Records contained in a dataset:
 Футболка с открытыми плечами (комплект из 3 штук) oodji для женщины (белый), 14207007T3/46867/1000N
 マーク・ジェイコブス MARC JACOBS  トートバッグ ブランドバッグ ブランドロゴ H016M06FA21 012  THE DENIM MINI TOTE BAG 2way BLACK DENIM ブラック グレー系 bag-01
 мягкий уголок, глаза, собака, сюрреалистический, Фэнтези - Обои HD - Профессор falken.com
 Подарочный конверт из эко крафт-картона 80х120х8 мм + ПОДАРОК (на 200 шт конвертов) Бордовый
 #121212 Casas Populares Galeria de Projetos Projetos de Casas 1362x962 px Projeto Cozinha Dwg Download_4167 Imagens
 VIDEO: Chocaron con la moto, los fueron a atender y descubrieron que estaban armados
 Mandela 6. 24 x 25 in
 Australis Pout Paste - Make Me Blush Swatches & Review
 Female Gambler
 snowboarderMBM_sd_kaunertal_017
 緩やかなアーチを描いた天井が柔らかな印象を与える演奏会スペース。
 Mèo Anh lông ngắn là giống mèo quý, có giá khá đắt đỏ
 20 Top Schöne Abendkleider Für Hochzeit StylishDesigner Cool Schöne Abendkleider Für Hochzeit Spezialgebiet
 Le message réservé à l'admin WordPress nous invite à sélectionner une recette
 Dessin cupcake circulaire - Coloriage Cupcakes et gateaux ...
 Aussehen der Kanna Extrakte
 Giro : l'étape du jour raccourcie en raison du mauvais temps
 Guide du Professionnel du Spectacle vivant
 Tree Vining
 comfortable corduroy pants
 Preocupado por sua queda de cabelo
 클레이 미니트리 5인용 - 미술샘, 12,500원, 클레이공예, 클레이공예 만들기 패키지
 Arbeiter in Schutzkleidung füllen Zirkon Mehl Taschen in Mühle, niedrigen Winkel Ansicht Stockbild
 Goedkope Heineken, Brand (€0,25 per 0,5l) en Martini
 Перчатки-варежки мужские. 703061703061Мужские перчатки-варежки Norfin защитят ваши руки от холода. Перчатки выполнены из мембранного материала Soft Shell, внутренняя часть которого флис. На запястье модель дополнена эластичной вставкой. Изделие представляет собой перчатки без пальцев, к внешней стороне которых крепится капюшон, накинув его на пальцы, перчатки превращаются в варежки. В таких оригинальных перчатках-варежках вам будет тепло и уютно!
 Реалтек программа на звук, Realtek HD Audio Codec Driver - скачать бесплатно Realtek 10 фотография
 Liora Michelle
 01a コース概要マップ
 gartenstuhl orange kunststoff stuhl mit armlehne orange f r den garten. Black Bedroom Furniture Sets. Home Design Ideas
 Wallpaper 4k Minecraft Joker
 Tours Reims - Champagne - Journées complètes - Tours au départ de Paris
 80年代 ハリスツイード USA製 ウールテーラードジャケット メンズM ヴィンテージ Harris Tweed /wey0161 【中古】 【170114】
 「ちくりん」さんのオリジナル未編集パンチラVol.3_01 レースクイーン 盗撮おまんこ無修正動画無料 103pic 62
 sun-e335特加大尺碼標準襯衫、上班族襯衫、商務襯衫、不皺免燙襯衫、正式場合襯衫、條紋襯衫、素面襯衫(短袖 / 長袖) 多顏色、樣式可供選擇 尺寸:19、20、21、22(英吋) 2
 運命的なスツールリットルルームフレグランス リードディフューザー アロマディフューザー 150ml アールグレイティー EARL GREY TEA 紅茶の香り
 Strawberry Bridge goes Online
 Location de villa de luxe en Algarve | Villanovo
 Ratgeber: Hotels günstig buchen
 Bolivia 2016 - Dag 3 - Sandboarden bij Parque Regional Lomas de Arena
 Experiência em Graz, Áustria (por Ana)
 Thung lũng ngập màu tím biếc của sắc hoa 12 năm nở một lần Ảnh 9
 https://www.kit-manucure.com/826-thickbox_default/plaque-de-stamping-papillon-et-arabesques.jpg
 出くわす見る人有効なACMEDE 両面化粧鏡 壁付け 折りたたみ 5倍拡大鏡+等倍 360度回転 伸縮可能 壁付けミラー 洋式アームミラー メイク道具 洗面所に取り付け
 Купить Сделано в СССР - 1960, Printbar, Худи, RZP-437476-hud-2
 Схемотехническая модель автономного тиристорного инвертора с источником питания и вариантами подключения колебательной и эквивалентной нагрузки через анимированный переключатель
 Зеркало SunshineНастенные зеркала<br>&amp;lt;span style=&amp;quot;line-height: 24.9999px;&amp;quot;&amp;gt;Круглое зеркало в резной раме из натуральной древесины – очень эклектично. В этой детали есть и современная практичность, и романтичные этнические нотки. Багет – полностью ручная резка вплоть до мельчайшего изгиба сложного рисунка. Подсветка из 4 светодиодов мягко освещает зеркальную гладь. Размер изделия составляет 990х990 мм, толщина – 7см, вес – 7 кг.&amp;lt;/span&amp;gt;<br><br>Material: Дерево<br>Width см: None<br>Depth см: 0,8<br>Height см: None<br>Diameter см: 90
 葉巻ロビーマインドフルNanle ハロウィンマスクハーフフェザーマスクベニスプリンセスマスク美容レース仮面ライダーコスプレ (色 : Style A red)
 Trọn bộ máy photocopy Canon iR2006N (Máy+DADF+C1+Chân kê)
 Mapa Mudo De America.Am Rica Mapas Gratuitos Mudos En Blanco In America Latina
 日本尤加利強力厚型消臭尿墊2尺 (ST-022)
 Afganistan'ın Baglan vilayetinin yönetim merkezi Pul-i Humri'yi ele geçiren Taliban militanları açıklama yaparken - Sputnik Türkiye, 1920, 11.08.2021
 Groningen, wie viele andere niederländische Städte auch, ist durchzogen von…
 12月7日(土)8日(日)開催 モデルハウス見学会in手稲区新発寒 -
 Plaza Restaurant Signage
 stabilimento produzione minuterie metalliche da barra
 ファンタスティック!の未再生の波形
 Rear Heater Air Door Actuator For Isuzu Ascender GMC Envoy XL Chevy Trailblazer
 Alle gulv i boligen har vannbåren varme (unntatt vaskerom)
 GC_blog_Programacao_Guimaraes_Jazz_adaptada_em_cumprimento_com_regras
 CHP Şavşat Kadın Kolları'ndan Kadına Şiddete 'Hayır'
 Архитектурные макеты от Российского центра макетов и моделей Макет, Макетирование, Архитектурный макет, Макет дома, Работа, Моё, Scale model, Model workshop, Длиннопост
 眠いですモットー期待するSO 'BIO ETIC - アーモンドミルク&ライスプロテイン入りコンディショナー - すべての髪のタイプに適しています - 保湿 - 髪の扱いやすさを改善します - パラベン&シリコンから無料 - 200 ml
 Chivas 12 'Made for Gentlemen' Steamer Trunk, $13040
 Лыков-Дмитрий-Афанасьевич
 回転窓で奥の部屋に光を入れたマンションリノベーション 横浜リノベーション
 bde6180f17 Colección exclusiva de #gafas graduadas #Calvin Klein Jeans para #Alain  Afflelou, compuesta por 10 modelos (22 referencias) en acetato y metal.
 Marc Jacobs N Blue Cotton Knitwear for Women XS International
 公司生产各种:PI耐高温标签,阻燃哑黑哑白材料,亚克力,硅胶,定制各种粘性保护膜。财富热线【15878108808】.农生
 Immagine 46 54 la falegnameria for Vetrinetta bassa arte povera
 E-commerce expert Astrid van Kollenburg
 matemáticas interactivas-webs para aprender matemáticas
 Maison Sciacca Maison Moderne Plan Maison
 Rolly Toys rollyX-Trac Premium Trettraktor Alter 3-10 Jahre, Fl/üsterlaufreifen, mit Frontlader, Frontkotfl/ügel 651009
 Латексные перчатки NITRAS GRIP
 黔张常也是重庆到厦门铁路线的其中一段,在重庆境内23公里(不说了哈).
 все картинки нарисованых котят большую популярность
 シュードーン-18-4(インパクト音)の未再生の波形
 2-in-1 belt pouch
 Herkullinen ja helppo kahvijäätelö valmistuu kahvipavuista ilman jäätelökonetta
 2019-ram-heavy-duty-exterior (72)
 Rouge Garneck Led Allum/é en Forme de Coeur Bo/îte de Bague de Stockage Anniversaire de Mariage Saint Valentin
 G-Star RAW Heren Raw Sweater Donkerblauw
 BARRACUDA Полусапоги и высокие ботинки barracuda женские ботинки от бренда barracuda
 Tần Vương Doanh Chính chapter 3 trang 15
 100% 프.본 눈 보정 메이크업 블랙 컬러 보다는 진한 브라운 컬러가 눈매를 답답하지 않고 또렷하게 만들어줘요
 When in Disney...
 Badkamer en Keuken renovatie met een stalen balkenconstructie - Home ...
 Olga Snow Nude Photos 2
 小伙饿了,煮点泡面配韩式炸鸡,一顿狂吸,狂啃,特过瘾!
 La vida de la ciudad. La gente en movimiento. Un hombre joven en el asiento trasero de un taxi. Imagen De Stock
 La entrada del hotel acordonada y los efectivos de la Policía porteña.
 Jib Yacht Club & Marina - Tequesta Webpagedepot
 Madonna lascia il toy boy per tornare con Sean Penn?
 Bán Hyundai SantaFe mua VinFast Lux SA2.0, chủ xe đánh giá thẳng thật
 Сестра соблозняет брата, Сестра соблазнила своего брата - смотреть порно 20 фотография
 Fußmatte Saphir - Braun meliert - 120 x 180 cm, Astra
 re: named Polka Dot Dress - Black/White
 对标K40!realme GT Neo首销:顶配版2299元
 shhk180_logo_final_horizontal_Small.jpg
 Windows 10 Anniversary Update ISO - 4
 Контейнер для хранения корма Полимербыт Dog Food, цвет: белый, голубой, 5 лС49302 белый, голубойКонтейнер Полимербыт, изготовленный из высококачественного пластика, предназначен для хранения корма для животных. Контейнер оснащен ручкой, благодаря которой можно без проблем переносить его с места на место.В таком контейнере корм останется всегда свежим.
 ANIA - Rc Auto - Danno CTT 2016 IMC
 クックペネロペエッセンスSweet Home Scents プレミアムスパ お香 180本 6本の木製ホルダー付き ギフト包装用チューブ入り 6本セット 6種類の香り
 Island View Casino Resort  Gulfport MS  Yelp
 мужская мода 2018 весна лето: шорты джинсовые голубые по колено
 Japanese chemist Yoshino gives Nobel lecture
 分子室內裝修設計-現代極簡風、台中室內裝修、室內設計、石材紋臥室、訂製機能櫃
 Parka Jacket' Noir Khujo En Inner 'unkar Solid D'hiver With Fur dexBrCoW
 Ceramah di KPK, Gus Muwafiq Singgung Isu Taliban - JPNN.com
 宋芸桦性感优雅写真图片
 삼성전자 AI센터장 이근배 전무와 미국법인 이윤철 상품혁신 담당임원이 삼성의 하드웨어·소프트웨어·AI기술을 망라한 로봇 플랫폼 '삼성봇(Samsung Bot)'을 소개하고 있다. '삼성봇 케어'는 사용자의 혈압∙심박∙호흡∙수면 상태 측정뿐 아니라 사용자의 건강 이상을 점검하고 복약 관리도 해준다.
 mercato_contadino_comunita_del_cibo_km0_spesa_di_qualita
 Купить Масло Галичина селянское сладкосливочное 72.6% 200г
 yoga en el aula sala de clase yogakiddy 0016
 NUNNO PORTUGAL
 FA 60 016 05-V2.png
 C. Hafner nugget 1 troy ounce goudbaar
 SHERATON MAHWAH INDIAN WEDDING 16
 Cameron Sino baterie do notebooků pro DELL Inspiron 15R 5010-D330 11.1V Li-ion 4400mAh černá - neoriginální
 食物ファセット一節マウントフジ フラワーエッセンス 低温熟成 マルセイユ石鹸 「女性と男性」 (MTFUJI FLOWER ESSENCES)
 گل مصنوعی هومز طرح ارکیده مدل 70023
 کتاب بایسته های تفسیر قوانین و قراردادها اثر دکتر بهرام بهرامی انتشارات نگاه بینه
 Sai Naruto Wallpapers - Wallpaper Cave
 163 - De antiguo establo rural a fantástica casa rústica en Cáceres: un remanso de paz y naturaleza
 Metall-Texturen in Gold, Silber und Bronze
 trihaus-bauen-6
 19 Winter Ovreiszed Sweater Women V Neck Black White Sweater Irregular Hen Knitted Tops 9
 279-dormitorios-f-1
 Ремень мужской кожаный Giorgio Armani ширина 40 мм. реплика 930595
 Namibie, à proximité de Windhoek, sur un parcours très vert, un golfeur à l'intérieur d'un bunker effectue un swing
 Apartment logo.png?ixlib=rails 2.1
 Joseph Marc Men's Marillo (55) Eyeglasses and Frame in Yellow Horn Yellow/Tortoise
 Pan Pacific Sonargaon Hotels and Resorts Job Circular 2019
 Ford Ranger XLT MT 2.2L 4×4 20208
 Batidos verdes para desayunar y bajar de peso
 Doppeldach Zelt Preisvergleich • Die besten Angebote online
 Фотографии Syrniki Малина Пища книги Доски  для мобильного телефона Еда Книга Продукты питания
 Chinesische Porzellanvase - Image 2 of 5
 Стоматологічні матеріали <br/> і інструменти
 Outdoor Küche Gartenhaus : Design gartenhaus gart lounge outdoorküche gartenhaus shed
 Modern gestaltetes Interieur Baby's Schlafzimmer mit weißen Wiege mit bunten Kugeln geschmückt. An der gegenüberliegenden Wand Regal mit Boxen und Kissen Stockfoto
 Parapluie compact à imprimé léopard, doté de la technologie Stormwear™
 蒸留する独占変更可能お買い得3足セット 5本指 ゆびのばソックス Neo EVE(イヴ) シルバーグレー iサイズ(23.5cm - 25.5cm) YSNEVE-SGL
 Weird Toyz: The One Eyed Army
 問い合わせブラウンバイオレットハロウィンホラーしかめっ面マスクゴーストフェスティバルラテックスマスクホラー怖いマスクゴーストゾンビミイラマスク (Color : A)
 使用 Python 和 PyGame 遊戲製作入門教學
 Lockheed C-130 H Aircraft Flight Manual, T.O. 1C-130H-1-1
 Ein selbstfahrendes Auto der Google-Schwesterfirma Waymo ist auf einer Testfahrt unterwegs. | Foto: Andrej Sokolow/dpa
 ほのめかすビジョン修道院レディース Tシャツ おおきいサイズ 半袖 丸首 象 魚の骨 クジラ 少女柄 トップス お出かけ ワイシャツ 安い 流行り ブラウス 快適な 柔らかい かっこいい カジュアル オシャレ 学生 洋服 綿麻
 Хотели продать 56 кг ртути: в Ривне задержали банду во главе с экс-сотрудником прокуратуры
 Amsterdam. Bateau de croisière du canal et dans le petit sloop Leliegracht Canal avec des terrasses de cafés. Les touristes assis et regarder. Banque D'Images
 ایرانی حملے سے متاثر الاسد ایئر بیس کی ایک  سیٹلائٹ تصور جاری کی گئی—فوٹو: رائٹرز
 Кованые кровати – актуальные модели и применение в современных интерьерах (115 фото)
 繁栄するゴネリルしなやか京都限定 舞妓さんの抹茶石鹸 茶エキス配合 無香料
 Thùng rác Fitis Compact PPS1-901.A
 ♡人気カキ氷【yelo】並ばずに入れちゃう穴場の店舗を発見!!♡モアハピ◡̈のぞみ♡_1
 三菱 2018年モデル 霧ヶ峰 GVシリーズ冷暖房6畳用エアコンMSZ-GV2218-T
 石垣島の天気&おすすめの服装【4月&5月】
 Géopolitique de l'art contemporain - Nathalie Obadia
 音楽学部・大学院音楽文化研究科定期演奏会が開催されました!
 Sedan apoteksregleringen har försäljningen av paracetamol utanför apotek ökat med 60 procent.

Task to carry out:
Go through the data above and find the lines with the word "питания". Copy each of those lines.

Answer to the problem:
 Схемотехническая модель автономного тиристорного инвертора с источником питания и вариантами подключения колебательной и эквивалентной нагрузки через анимированный переключатель
 Фотографии Syrniki Малина Пища книги Доски  для мобильного телефона Еда Книга Продукты питания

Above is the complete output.